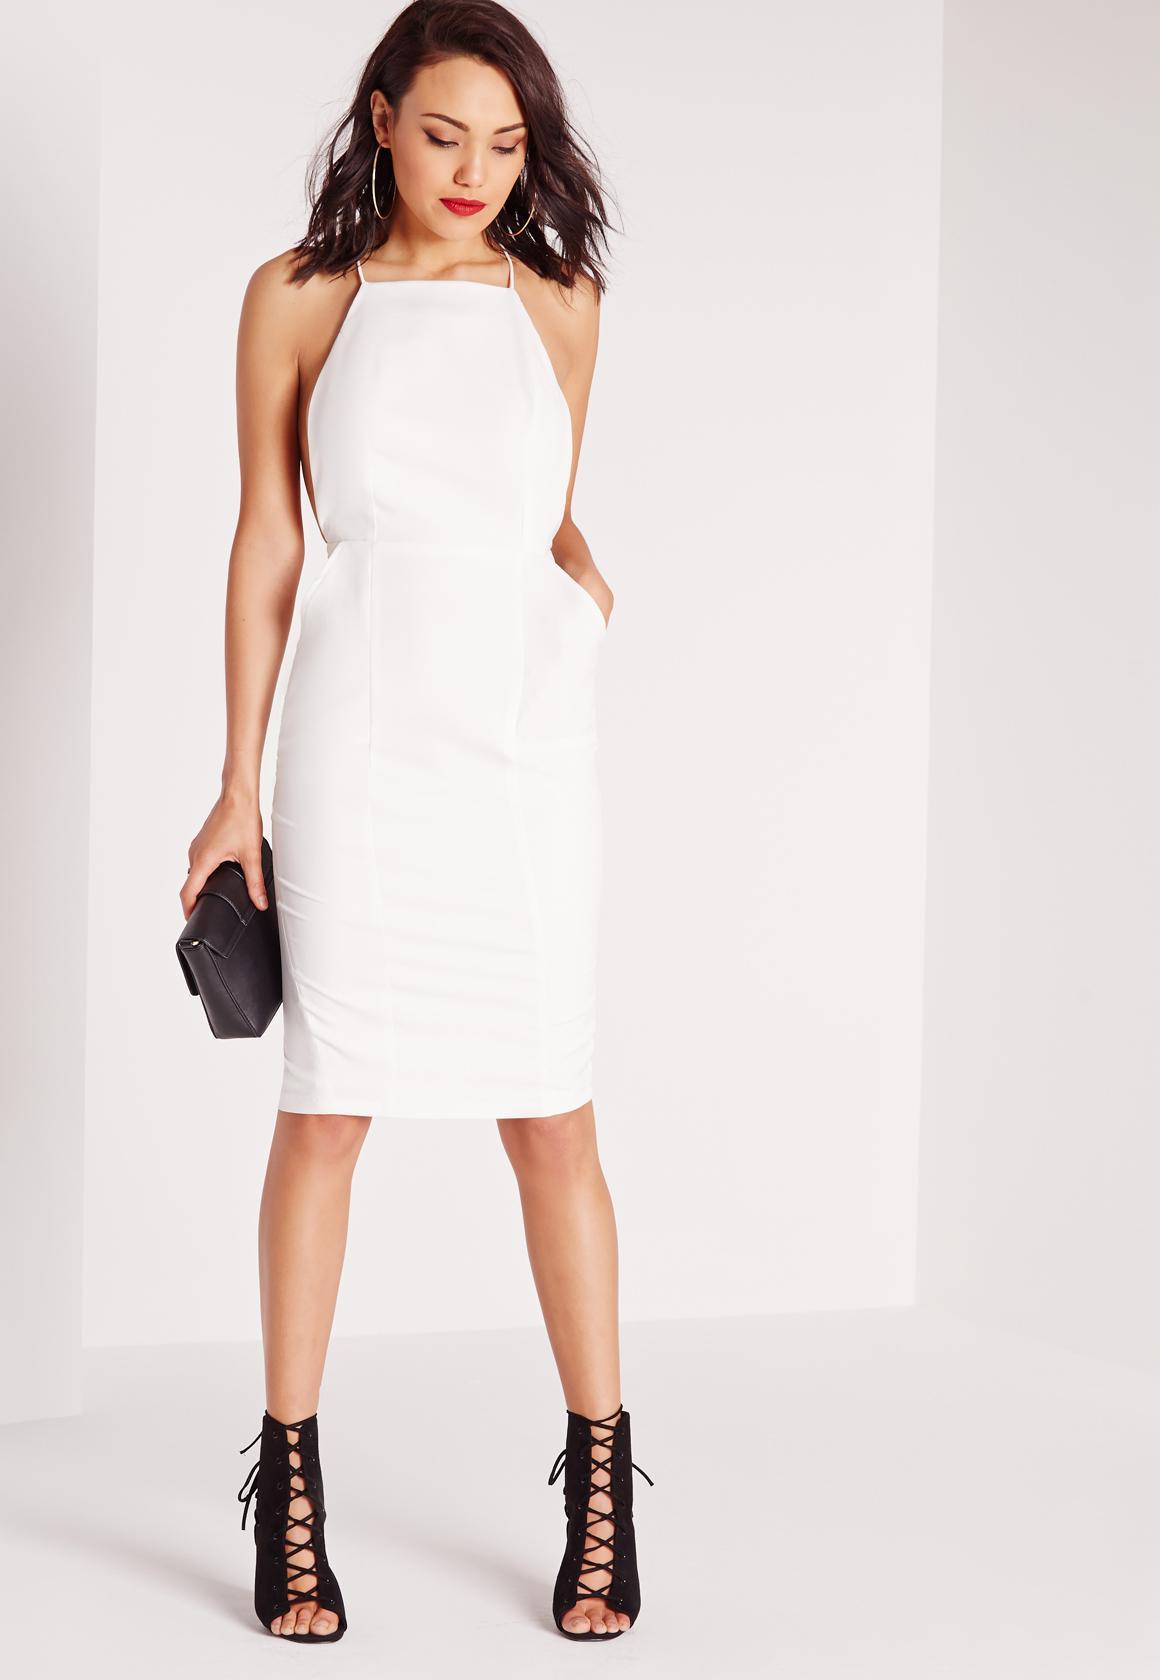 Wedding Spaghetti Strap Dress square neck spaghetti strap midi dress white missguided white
--
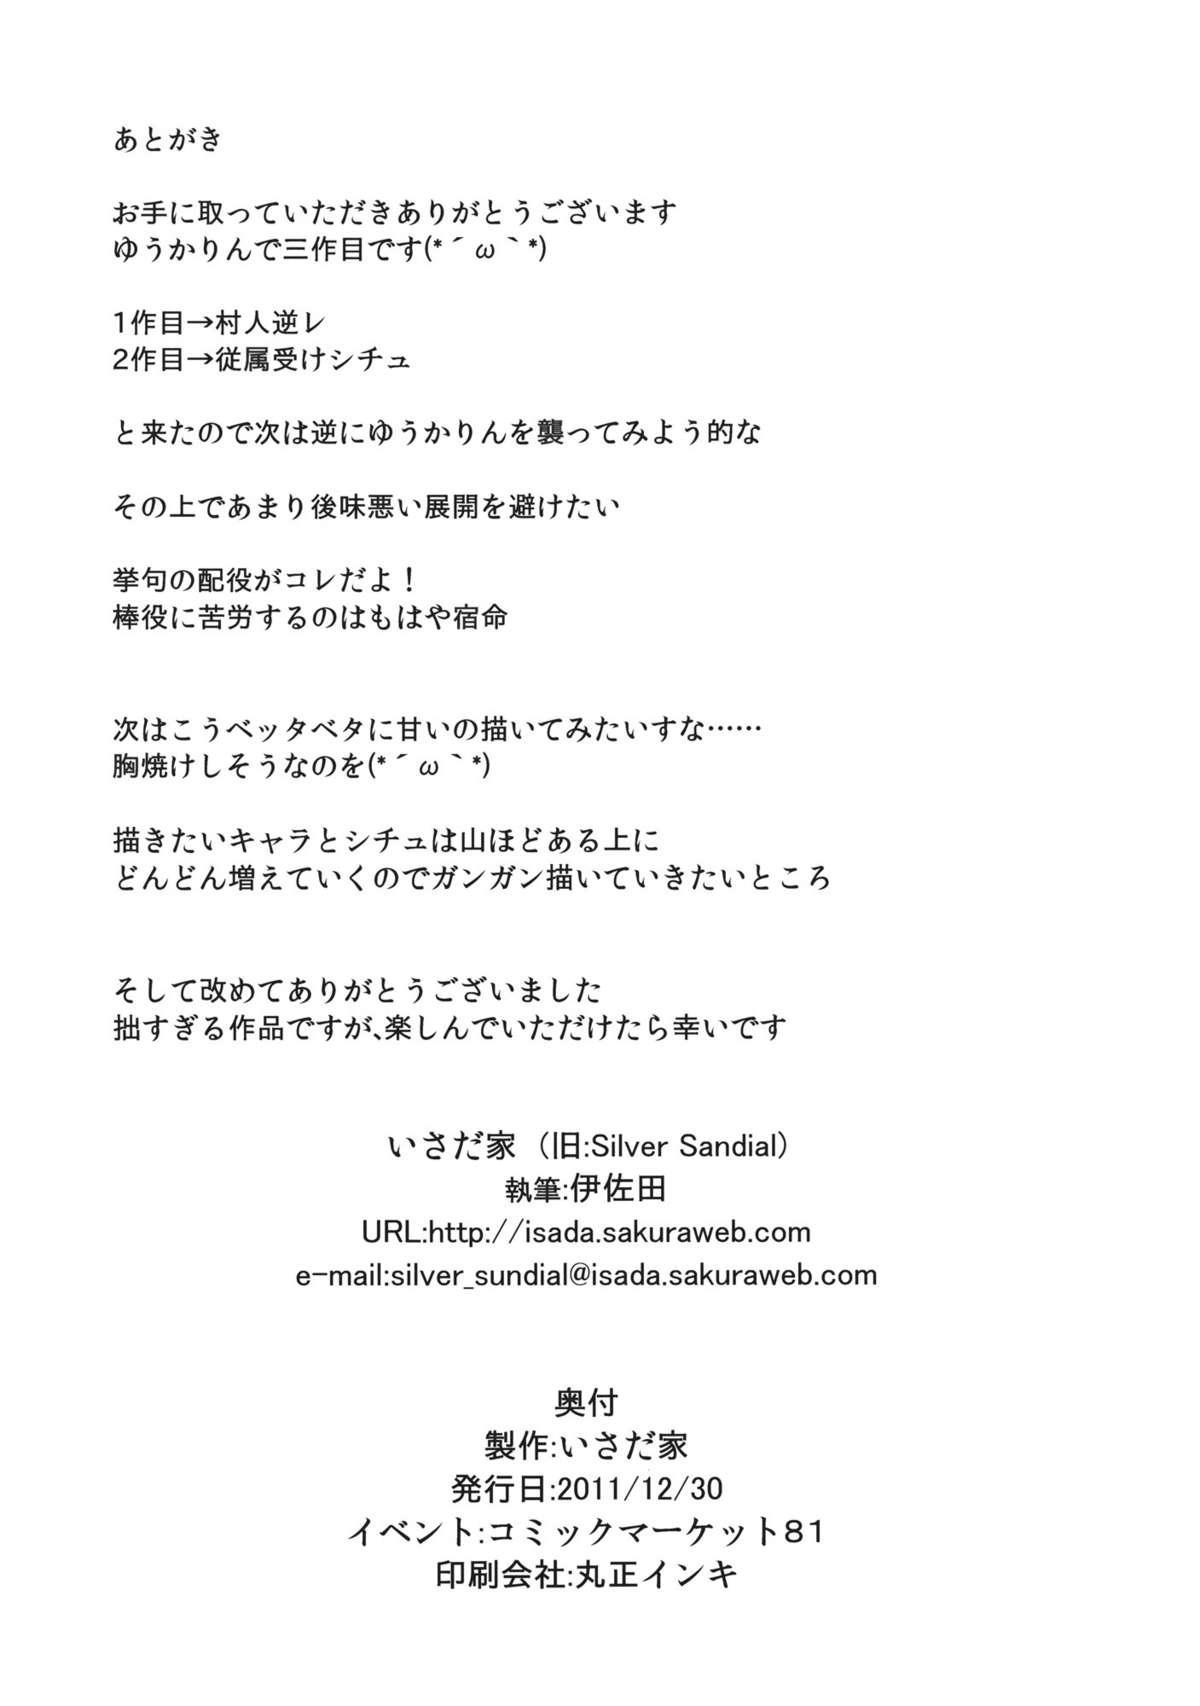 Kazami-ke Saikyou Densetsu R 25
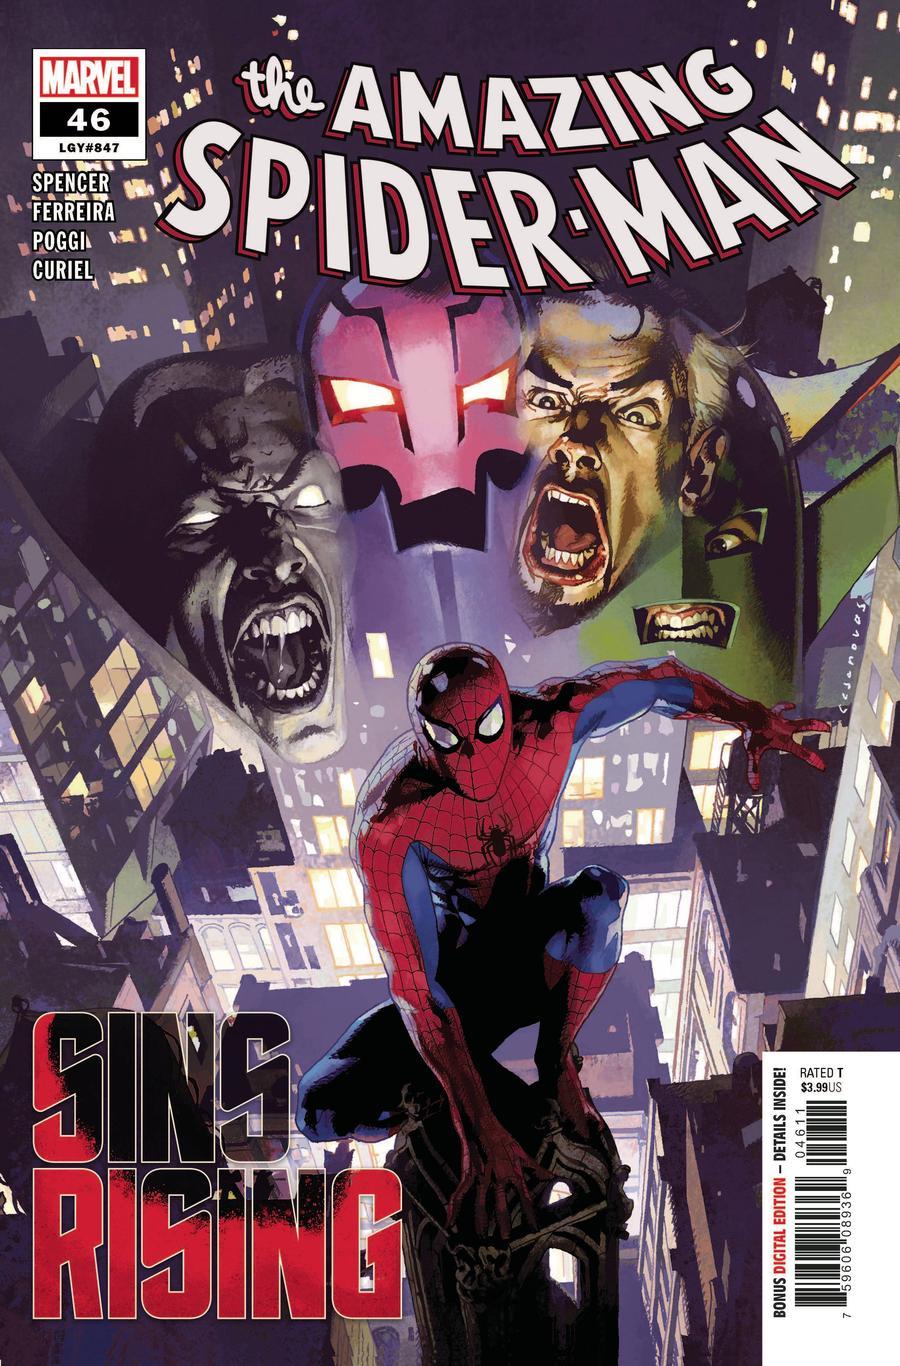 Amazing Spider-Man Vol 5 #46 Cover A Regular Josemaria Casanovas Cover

_TASK TO CARRY OUT_
Write out the lines above from the one with "Kazami-ke Saikyou Densetsu R 25" through the one with "Amazing Spider-Man Vol", ends included, exactly; no picture goes in.

_ANSWER TO THE PROBLEM_
 Kazami-ke Saikyou Densetsu R 25
 Amazing Spider-Man Vol 5 #46 Cover A Regular Josemaria Casanovas Cover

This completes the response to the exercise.